All in all, in 2002 retailers and supermarkets earned around €180 million from Halloween sales. This year, they are expecting sales of more than €200 million. Toy manufacturers also expect an increase in sales of up to 40 percent. For Bernd Schneider’s store, Halloween is a fixed business date. "One third of our sales volume is due to Halloween", he says, "and it becomes more every year."

An ungodly import

But not everyone is as thrilled with the trend as the retailers. Speaking on InfoRadio Berlin-Brandenburg, Bishop Wolfgang Huber expressed concern that "Halloween has become a day celebrated by Satanists." His views are echoed by Moscow's Orthodox Church, whose calls for a Halloween ban in schools were heeded by the Moscow Education Department.

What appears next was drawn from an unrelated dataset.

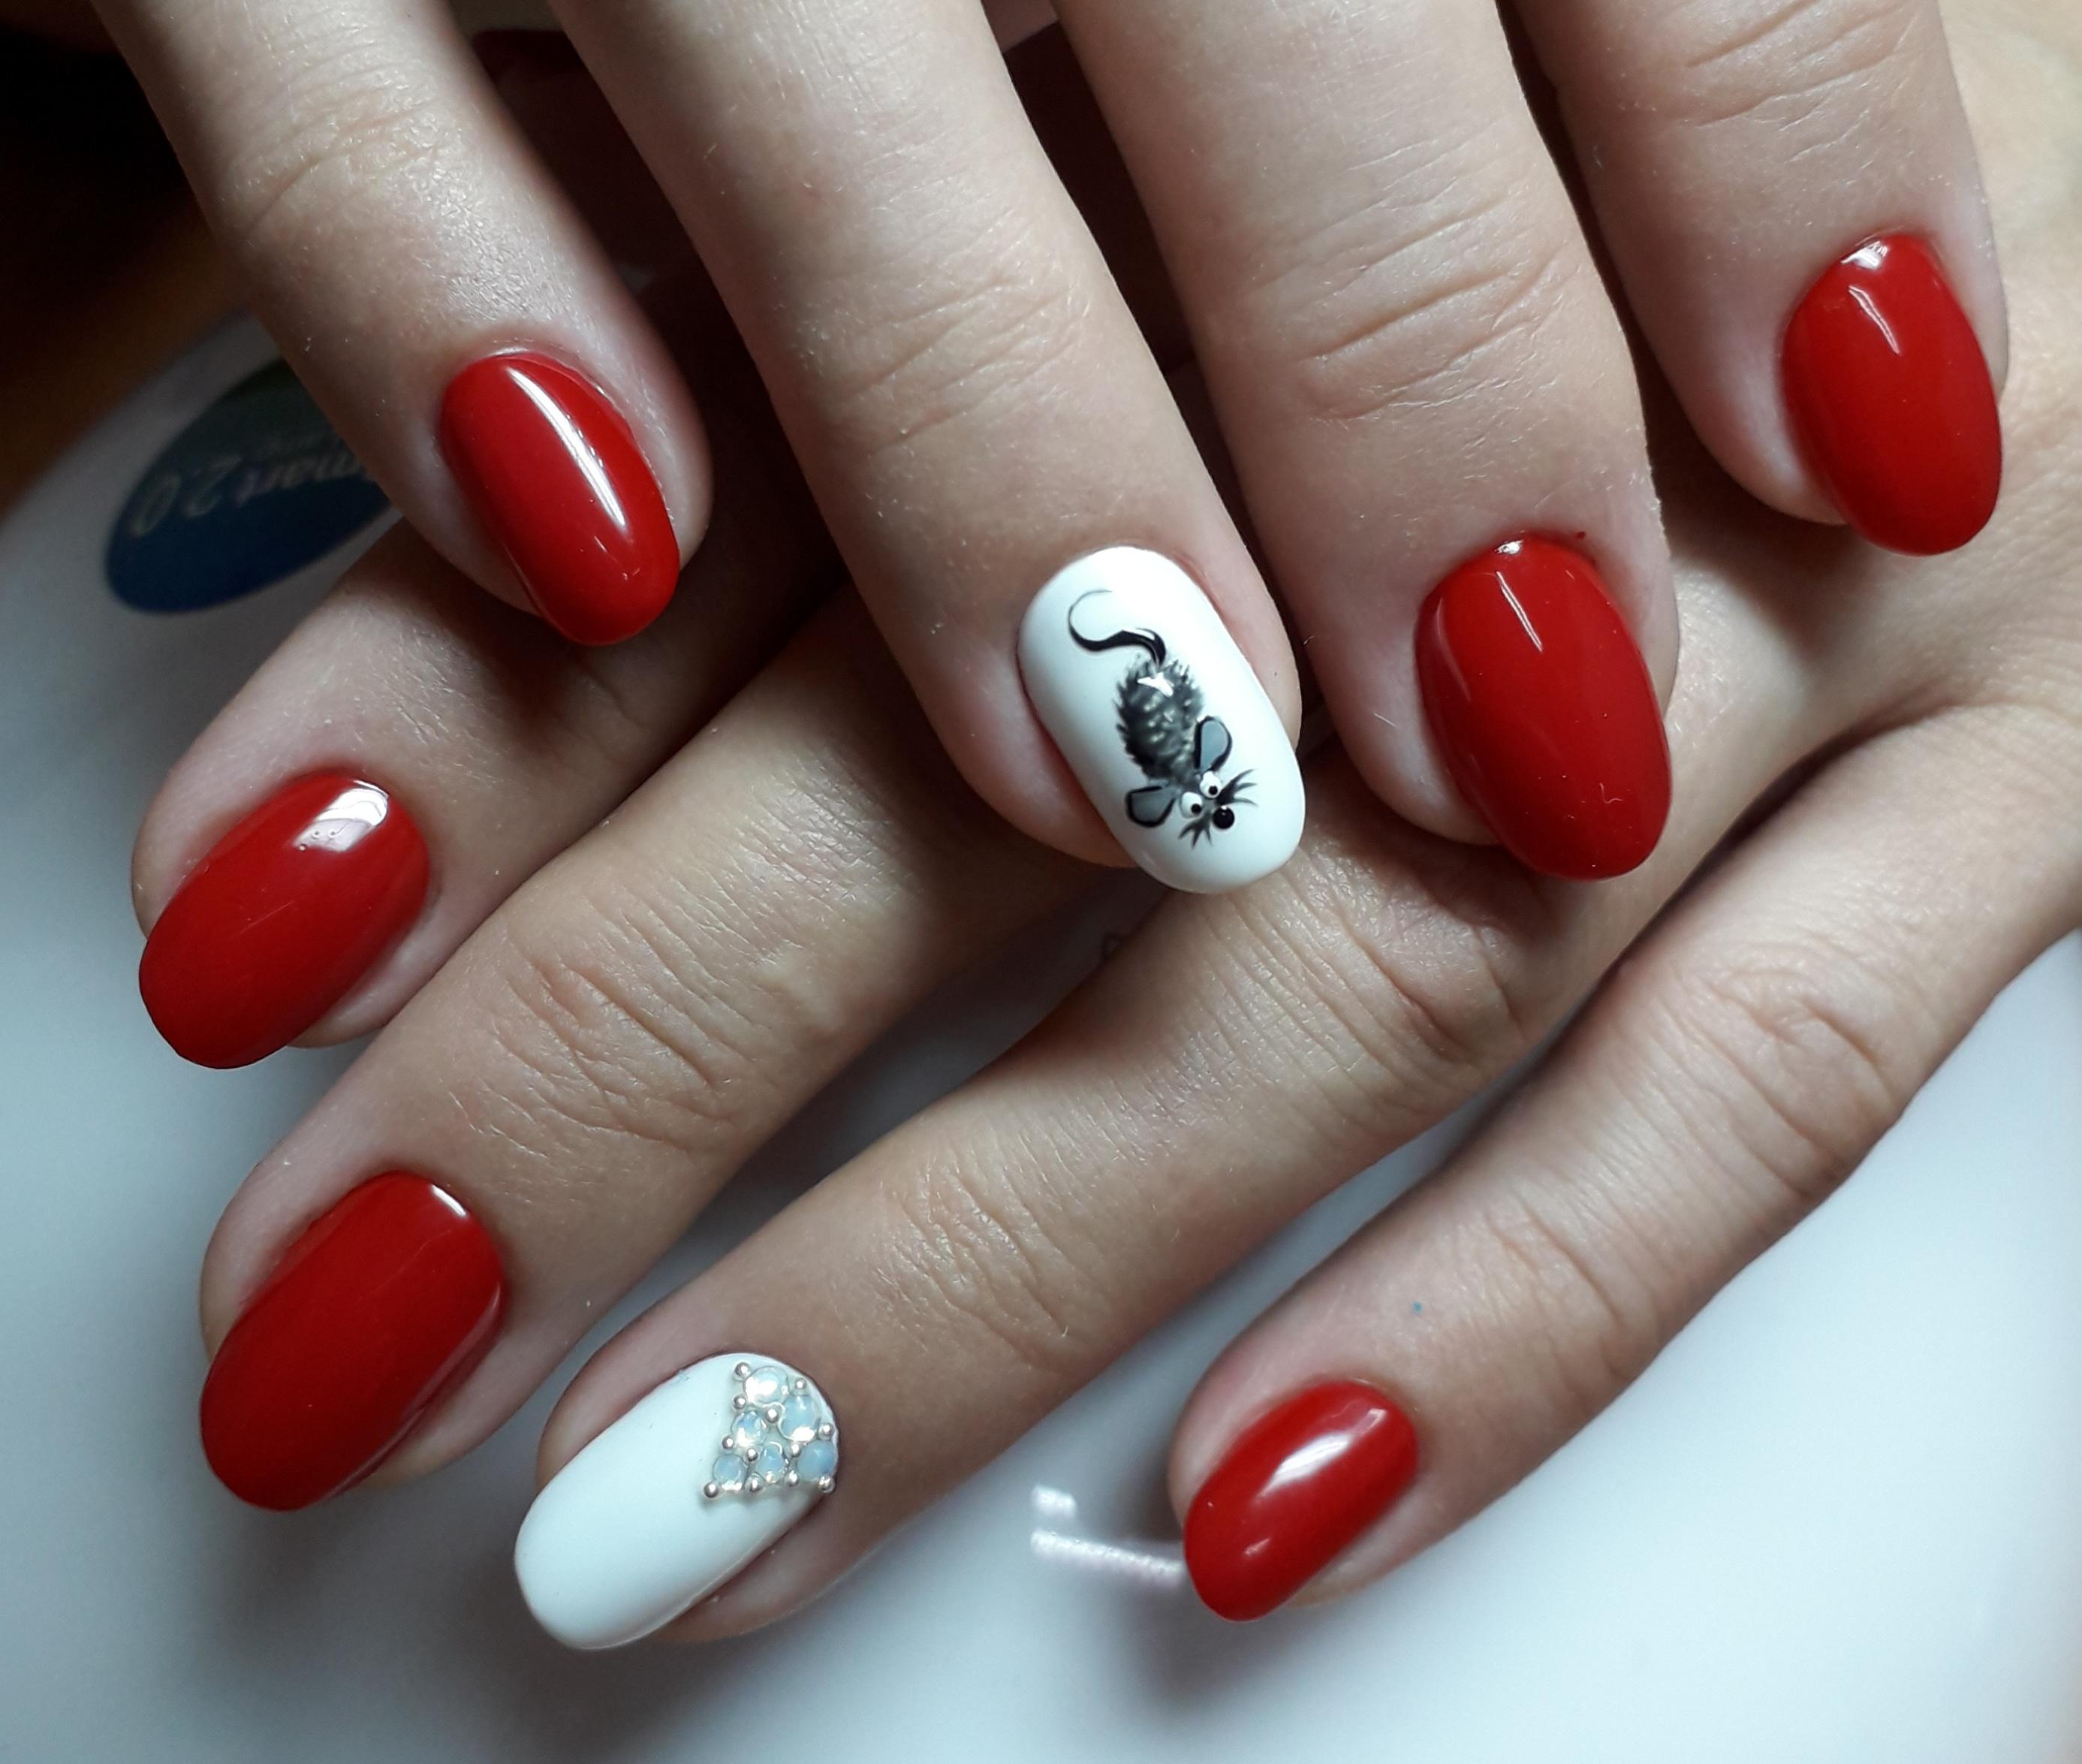 """Маникюр в красном цвете с белым дизайном, рисунком """"мышка"""" и стразами."""
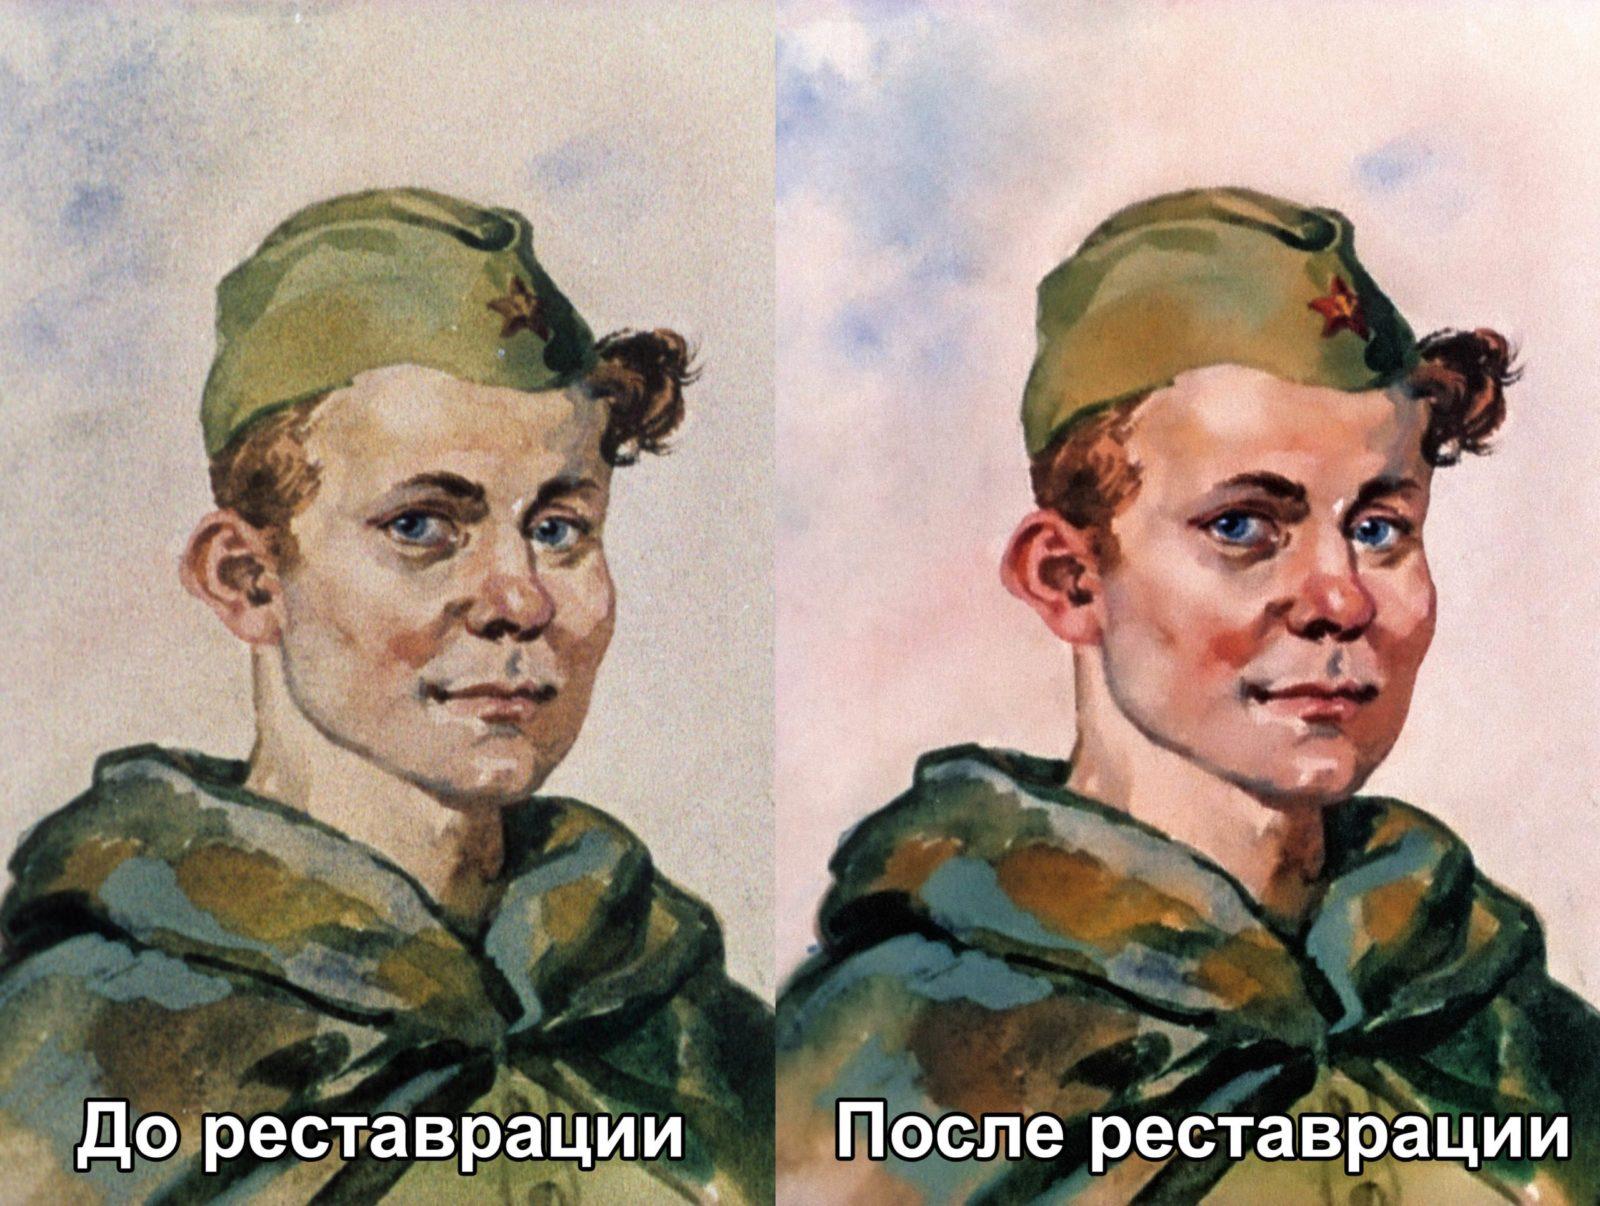 Диафильм - Рассказы разведчика Жилкина (1982)

Meanwhile, in France, Catholics are organizing a series of events celebrating All Saints Day on Saturday and the Festival of the Dead on Sunday, which they hope will draw attention away from what they see as an ungodly U.S. import.

In an interview with Reuters news agency, Ines Azais from the French Catholic Church lamented the fact that "Halloween has put Christian holidays in the shade. Lots of young people don't know them anymore."

But to others, the pagan aspect of the festivities is the whole point.

Bernd Schneider points out that "for everyone it’s fun to imagine what could be one’s dark side. You can be the Grim Reaper, or a vampire, a witch or a devil maybe – someone really brutal. But first of all, it’s fun to dress up -- and to have a good time together with friends."